I have 3 dataframes (df1, df2, df3) i want to merge these dataframe based on a column and add two new columns. one column should say which dataframes are matching, second how many of them matched.
# df1
data = {'ID': ["M1", "M2", "M3", "M4"],
'Movie': ["Top gun", "Thor", "Batman", "MadMax"],
'Actor' : ["Tom", "Chris", "Bale", "Tom"],
'type': ["Action", "SciFi", "Comic", "SciFi"]}
df1 = pd.DataFrame(data)
# df2
data = {'ID': ["M1", "M2", "M3"],
'highlight': ["Flight school", "Love and thunder", "I am Batman"]}
df2 = pd.DataFrame(data)
# df3
data = {'ID': ["M2", "M3"],
'no of parts': [3, 3],
'co-star' : ["portman", "neeson"],
'award': ["yes", "yes"]}
df3 = pd.DataFrame(data)
Expected output will be
The match and no of match are the new column
Thank you for your time
Any help would be much appreciated
You can merge your three dataframes on ID, then use the indicator parameter to merge to determine which dataframes had valid data, using this info to generate the match column. You can then count the number of | characters in match to determine the No of match column:
import pandas as pd
data = {'ID': ["M1", "M2", "M3", "M4"], 'Movie': ["Top gun", "Thor", "Batman", "MadMax"], 'Actor' : ["Tom", "Chris", "Bale", "Tom"], 'type': ["Action", "SciFi", "Comic", "SciFi"]}
df1 = pd.DataFrame(data)
data = {'ID': ["M1", "M2", "M3"], 'highlight': ["Flight school", "Love and thunder", "I am Batman"]}
df2 = pd.DataFrame(data)
data = {'ID': ["M2", "M3"], 'no of parts': [3, 3], 'co-star' : ["portman", "neeson"], 'award': ["yes", "yes"]}
df3 = pd.DataFrame(data)
df = df1.merge(df2, on='ID', how='left', indicator='df1df2').merge(df3, on='ID', how='left',indicator='df3')
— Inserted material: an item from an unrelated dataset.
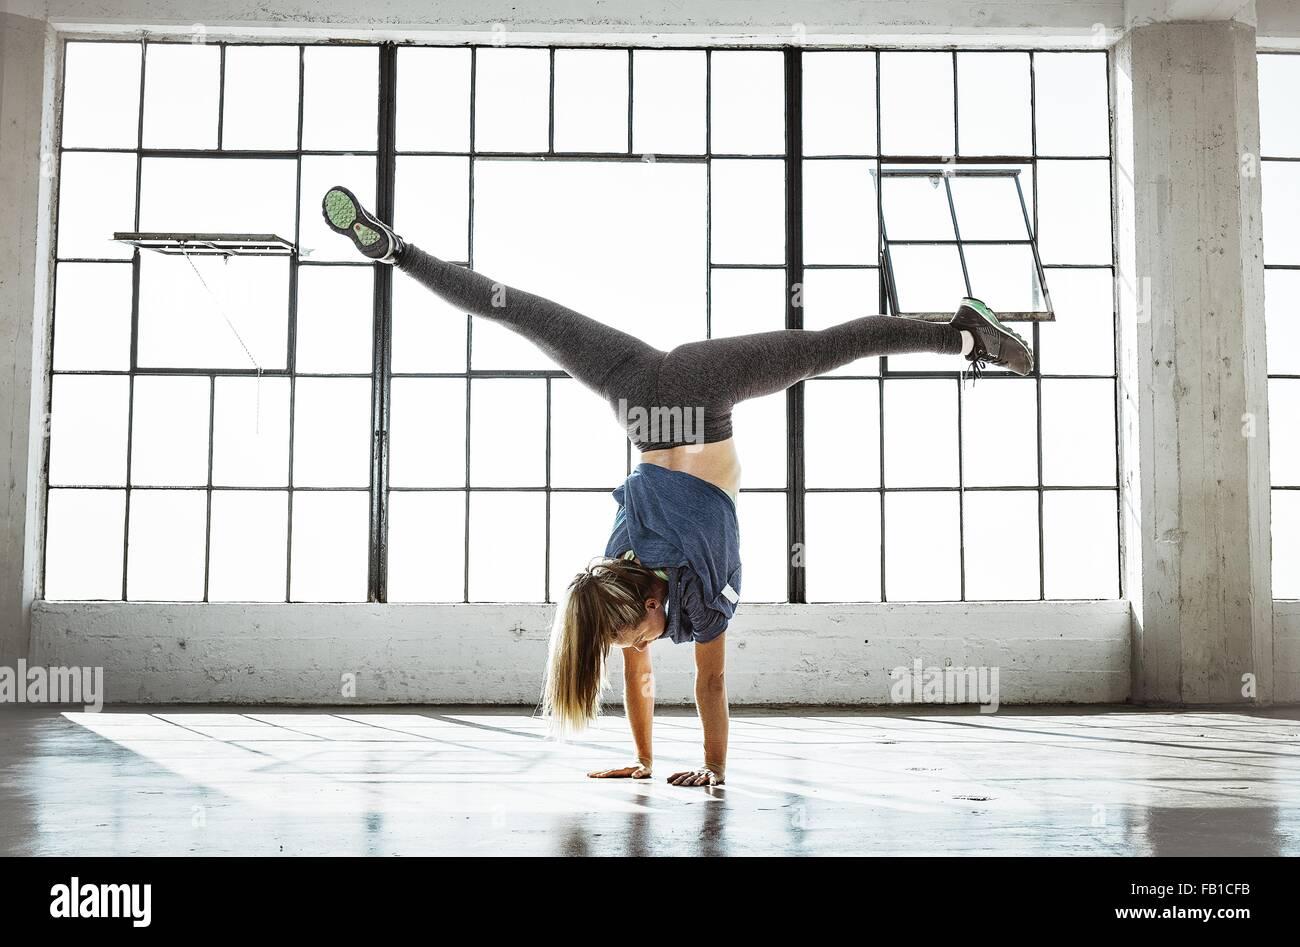 Rückansicht des jungen Frau im Fitnessstudio machen Handstand, offene Beine Stockbild

df['match'] = df['df1df2'].map({'both':'df1|df2', 'left_only':'df1'})+df['df3'].map({'both':'|df3', 'left_only':''})
df['No of match'] = df['match'].str.count('\|')+1
df = df.drop(['df1df2', 'df3'], axis=1)
Output:
ID Movie Actor type highlight no of parts co-star award match No of match
0 M1 Top gun Tom Action Flight school NaN NaN NaN df1|df2 2
1 M2 Thor Chris SciFi Love and thunder 3.0 portman yes df1|df2|df3 3
2 M3 Batman Bale Comic I am Batman 3.0 neeson yes df1|df2|df3 3
3 M4 MadMax Tom SciFi NaN NaN NaN NaN df1 1
You can use pandas.concat on a list of the input DafaFrames. This will work on any number of input DataFrames (not just 3):
# dataframes will be later named in order: 1->2->3
# you can easily tweak this solution to use a dictionary
# and custom names if desired
dfs = [df1, df2, df3]
out = (pd
.concat([d.set_index('ID').assign(ID=f'df{i}')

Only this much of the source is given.